Since \(\text{var}(\hat\Theta_n)=\text{var}(\hat\Theta_n-\theta)=\mathbb E[(\hat\Theta_n-\theta)^2]-(\mathbb E[\hat\Theta_n-\theta])^2=\text{MSE}(\hat\Theta_n)-\text{bias}^2(\hat\Theta_n)\), it follows that \(\text{MSE}(\hat\Theta_n)=\text{var}(\hat\Theta_n)+\text{bias}^2(\hat\Theta_n)\ge0\). Also, if \(\text{MSE}(\hat\Theta_n)\rightarrow 0\) then estimator \(\hat\Theta_n\) is consistent (i.e. \(\hat\Theta_n\xrightarrow{\mathbb P}\theta\)).

The above can also be explained as convergence in \(L^2\) norm implies convergence in \(L^1\) norm, and therefore in probability (consistency). Implications in the opposite directions are not guaranteed and convergence in expectation does not imply convergence in variance, as convergence in \(L^1\) norm does not imply convergence in \(L^2\) norm.

Delta method

Occasionally, the unknown parameter is a function of the expectation, \(\theta=g(\mu_X)\). In such cases, CMT preserves consistency \(g(\bar X_n)\xrightarrow{\mathbb P}g(\mu_X)\) and asymptotic normality, but not the asymptotic variance. By the Taylor’s expansion, \(g(\bar X_n)=g(\mu_X)+g'(\mu_X)(\bar X_n-\mu_X)+O(\bar X_n^2)\); therefore, \(g(\bar X_n)-g(\mu_X)\simeq g'(\bar X_n)(X_n-\mu_X)\), which allows computing the new variance, provided that is continuously differentiable around \(\mu_X\), which in turn may depend on the possible values of \(\theta\).
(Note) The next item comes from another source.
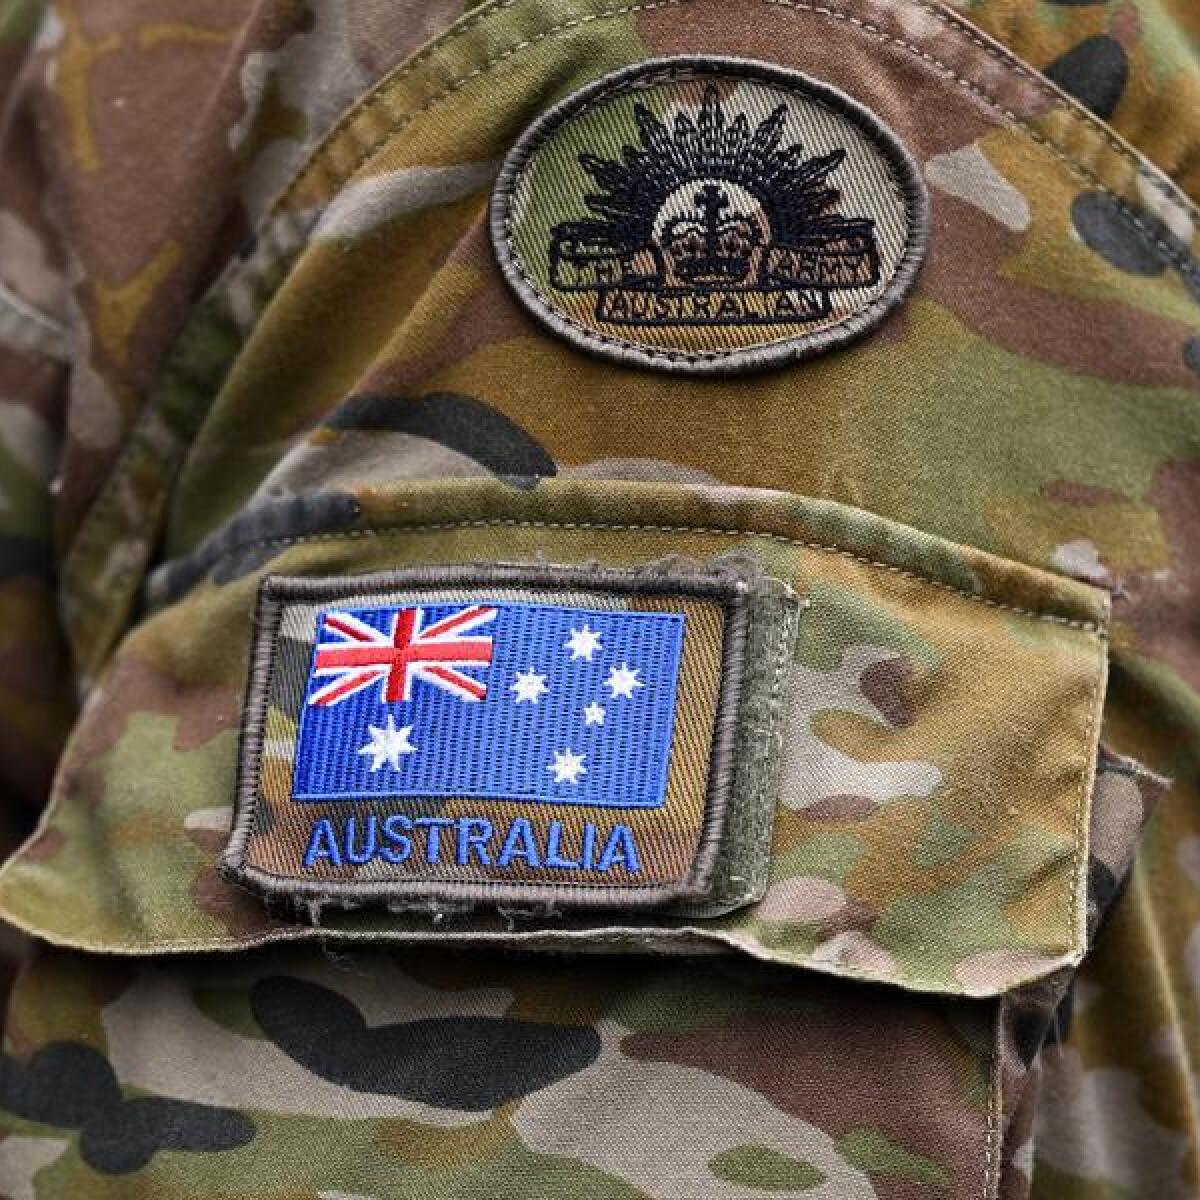 An Australian flag on the uniform of Australian Army personnel

\[\sqrt{n}(g(\bar X_n)-g(\mu_X))\xrightarrow{(d)}\mathcal N(0,(g'(\mu_X))^2\sigma_X^2)\]

The above is known as the Delta method, and even though the above example was developed around the sample mean, it works for any asymptotically Normal distribution, including with non invertible \(g(\mu_X)\).

Multivariate Delta method

Assume a random vector \(\bar{\mathbf X}_n\in\mathbb R^d\) s.t. \(\sqrt{n}(\bar{\mathbf X}_n-\boldsymbol\mu_{\mathbf X})\xrightarrow{(d)}\mathcal N_d(\mathbf 0_d,\boldsymbol\Sigma_{\mathbf X})\) and a map \(\mathbf g:\mathbb R^d\rightarrow\mathbb R^{k\ge1}\) that is continuously differentiable at \(\boldsymbol\mu_{\mathbf X}\), then the Delta method can be generalized as follows.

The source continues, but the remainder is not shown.